Dat [gedaagde] stelt geen schade aan de woning toe te brengen kan hem niet baten. Dit laat immers de geconstateerde tekortkoming onverlet.
Conclusie
5.11.
De kantonrechter is voorshands van oordeel dat de tekortkoming van [gedaagde] , bestaande uit herhaaldelijke overtreding van het verbod op onderverhuur, zodanig is dat het zeer waarschijnlijk is dat de rechter in een bodemprocedure de ontbinding van de huurovereenkomst zal uitspreken. Dat betekent dat de gevorderde ontruiming in dit kort geding, vooruitlopend op een beslissing in een bodemprocedure, toewijsbaar is.
5.12.
Het voorgaande betekent dat de vraag of hij zijn hoofdverblijf al dan niet in de woning heeft gehad onbeantwoord kan blijven.
Proceskosten
5.13.
[gedaagde] is grotendeels in het ongelijk gesteld en moet daarom de proceskosten (inclusief nakosten) betalen.

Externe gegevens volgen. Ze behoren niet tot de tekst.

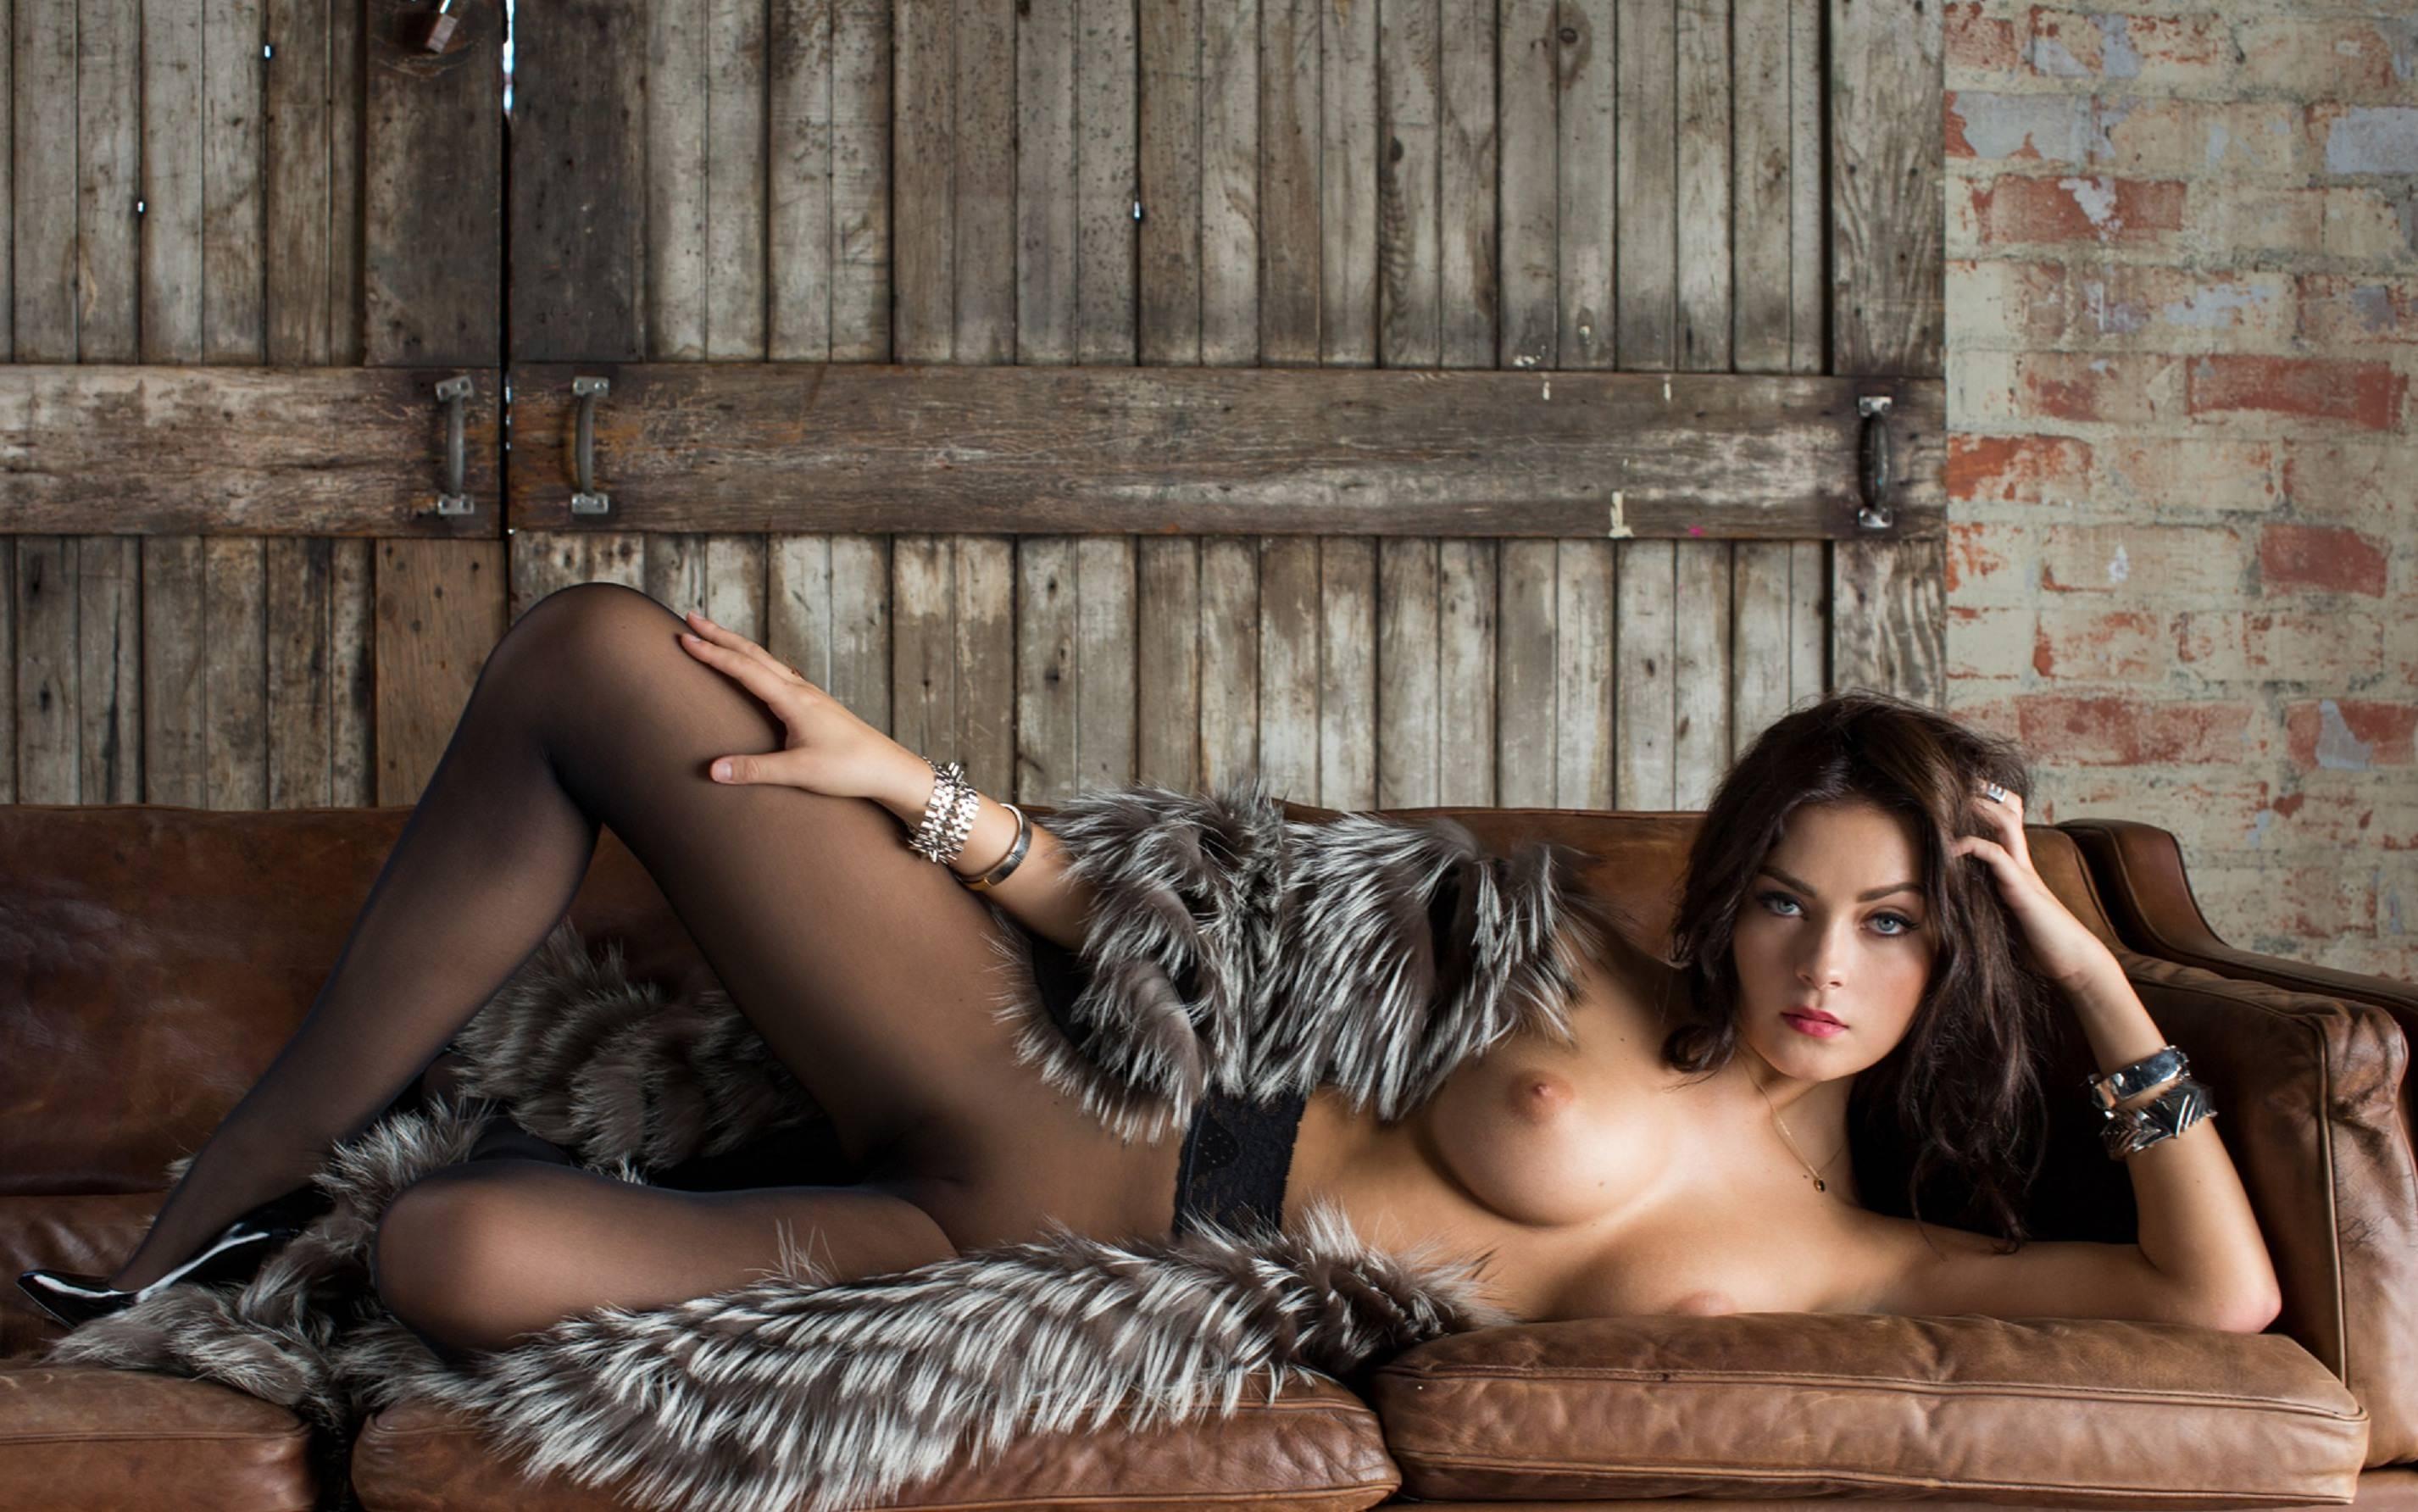 Indian girls nude playboy
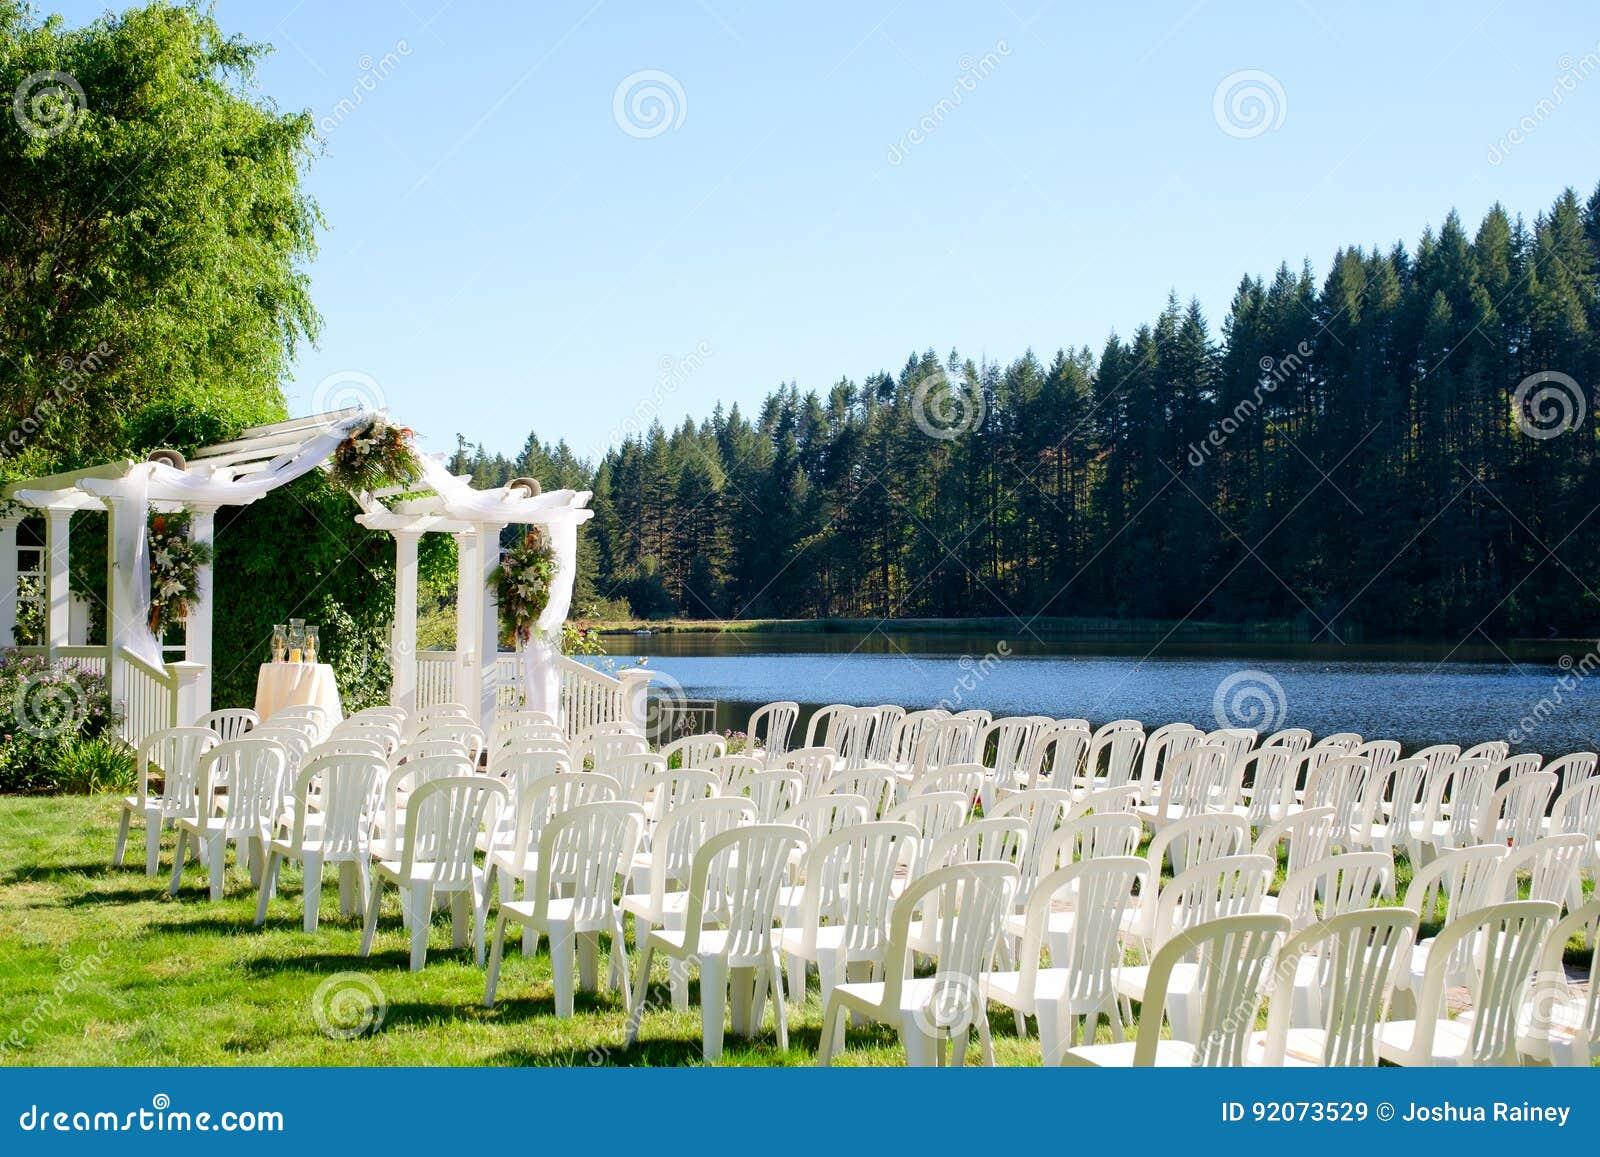 Oregon Wedding Venue By Lake Stock Image - Image of love ...

De proceskosten van Newomij worden begroot op:
- dagvaarding
119,40
- griffierecht
135,00
- salaris gemachtigde
408,00
(2 punten × € 204,00)
- nakosten
102,00
(plus de kosten van betekening zoals vermeld in de beslissing)
Totaal
764,40
5.14.
De gevorderde wettelijke rente over de proceskosten wordt toegewezen zoals vermeld in de beslissing.

6.De beslissing

De kantonrechter
Voor zover het betreft de vorderingen van Newomij Vastgoed en Savosa:
6.1.
wijst het gevorderde af,
Voor zover het betreft de vorderingen van Newomij-Groep:
6.2.
veroordeelt [gedaagde] om binnen veertien dagen na betekening van het vonnis de woning te ontruimen, te verlaten en verlaten te houden, aan Newomij conform het bepaalde in de huurovereenkomst op te leveren en onder afgifte van de sleutels ter vrije beschikking te stellen,
6.3.
veroordeelt [gedaagde] in de proceskosten van € 764,40, te betalen binnen veertien dagen na aanschrijving daartoe, te vermeerderen met de kosten van betekening als hij niet tijdig aan de veroordelingen voldoet en het vonnis daarna wordt betekend,
6.4.
veroordeelt [gedaagde] tot betaling van de wettelijke rente als bedoeld in artikel 6:119 BW over de proceskosten als deze niet binnen veertien dagen na aanschrijving zijn betaald,
6.5.
verklaart dit vonnis tot zover uitvoerbaar bij voorraad,
6.6.
wijst het meer of anders gevorderde af.
Dit vonnis is gewezen door mr. E. Horsthuis en in het openbaar uitgesproken door mr. A.M.S. Kuipers op 10 juli 2025.